The past few weeks have played out like a soap opera here in North Carolina. Duke Energy, now the nation’s largest energy utility, has had quite a bit of controversy surrounding its recently approved merger with Raleigh-based Progress Energy. Only a few days after the long anticipated merger between Duke and Progress Energy has passed its final regulatory hurdles with approval, the next episode to the saga began.
As with any good soap opera, there have been some key moments to highlight. The media spotlight began when former Progress Energy director John Mullin wrote in an open letter to the Wall Street Journal: “this is the most blatant example of corporate deceit that I have witnessed during a long career on Wall Street.”

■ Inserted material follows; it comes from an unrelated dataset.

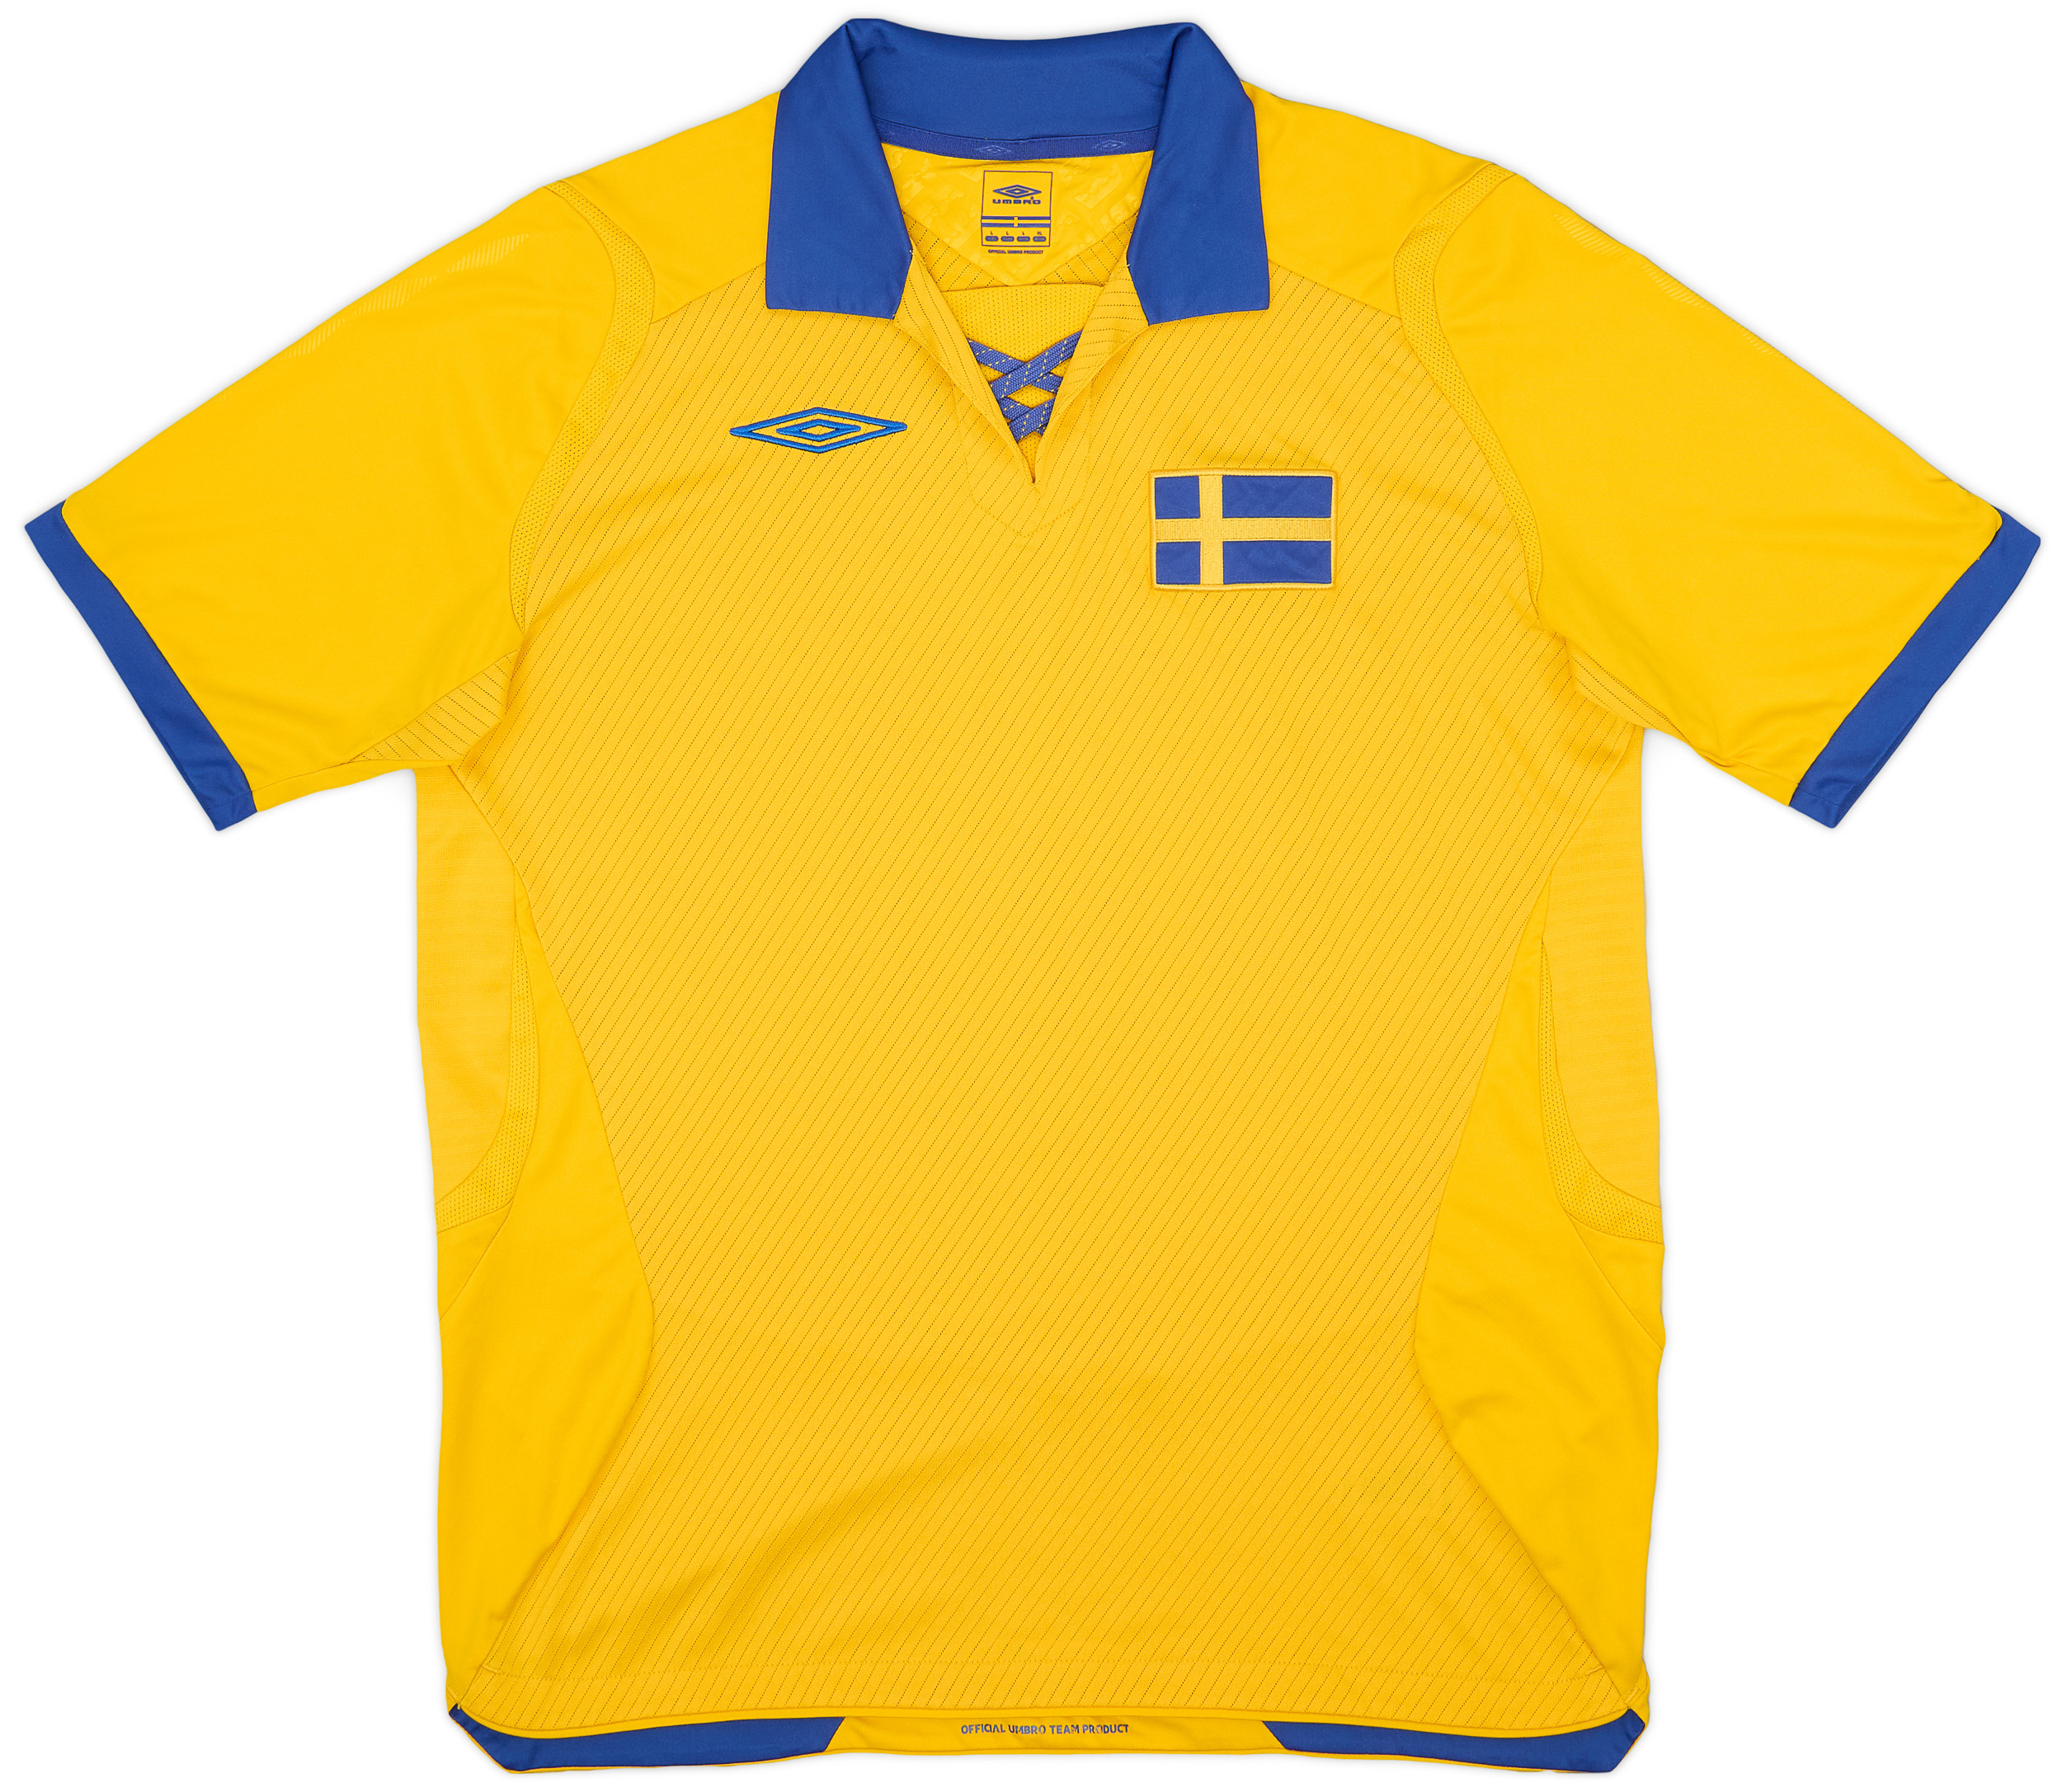 2008-09 Sweden Home Shirt - 9/10 - ()

He was of course referring to the “CEO for a Day” phenomenon where former Progress Energy CEO Bill Johnson was ousted from his promised title as President and Chief Executive Officer of Duke after only 20 minutes. Johnson didn’t walk away empty handed—in total he was paid $44.7 million in severance, bonus and other benefits. While Rogers tried to assure regulators in a public hearing last week that this money would not come from the pockets of already hurting rate payers, most are rightfully skeptical to trust him at his word.
Why was Johnson ousted? In what has been called a "corporate coup", CEO Jim Rogers and Director of the Board Ann Gray offered a few reasons: 1. increased operating costs at the Florida based Crystal River Nuclear Plant 2. Progress' poor performance for its entire nuclear fleet 3. Progress' overall poor financial performance and last but not least, the differences in culture and leadership style between Johnson and Duke Energy. While most of the questioning by the NC Utilities Commission has been surrounding the questionable business practices Duke has employed, these justifications may pose even larger threats for rate payers and local communities.
According to initial estimates, Progress' failing NC nuclear plants will cost Duke (and its customers) over $2.2 billion. This is more than 3 times what the promised savings to Duke rate payers would be from the merger agreement ($650 million over 6.5 years). This increased cost announcement comes after requests for rate hikes have been popping up across Duke's service territory from Ohio to North Carolina to cover already existing expenses. How much more does Duke expect us to take? We already pay for the cost of their poor business model with our health, our environment and soon even more with our paychecks. If Duke continues to engage in dirty business, its 7 million rate payers can expect their bills to increase to pay for dirty and dangerous energy.
But Duke Energy rate payers know that this merger coup isn’t Duke's only dirty business. Only a week after its 2012 Annual Shareholder’s Meeting, Duke Energy sponsored the now infamous corporate bill mill group ALEC (American Legislative Exchange Council) in Charlotte where its own corporate headquarters is based.
Even dirtier is Duke’s continued reliance on coal despite extensive PR statements in support of renewable energy resources. Duke now operates 28 coal fired power plants across the US, and 14 of those plants are in North Carolina. From blowing up beautiful mountains and communities across Appalachia to contaminating the air and water in cities across the Midwest & Southeast to being a leading contributor to global climate change and CO2 pollution, Duke operates a dirty business. Duke Energy and its CEO Jim Rogers have to do a lot to clean up not only its image, but also its business practices.
Now that the world is watching, the question on everyone’s mind is how CEO Jim Rogers will continue to lead this new utility. If it’s anything like what we have seen in the past couple of weeks, Duke can continue to expect outcry from local community members. Will Jim Rogers do what it takes to lead Duke into a clean and stable future, or will he continue to do whatever it takes for his own personal gain?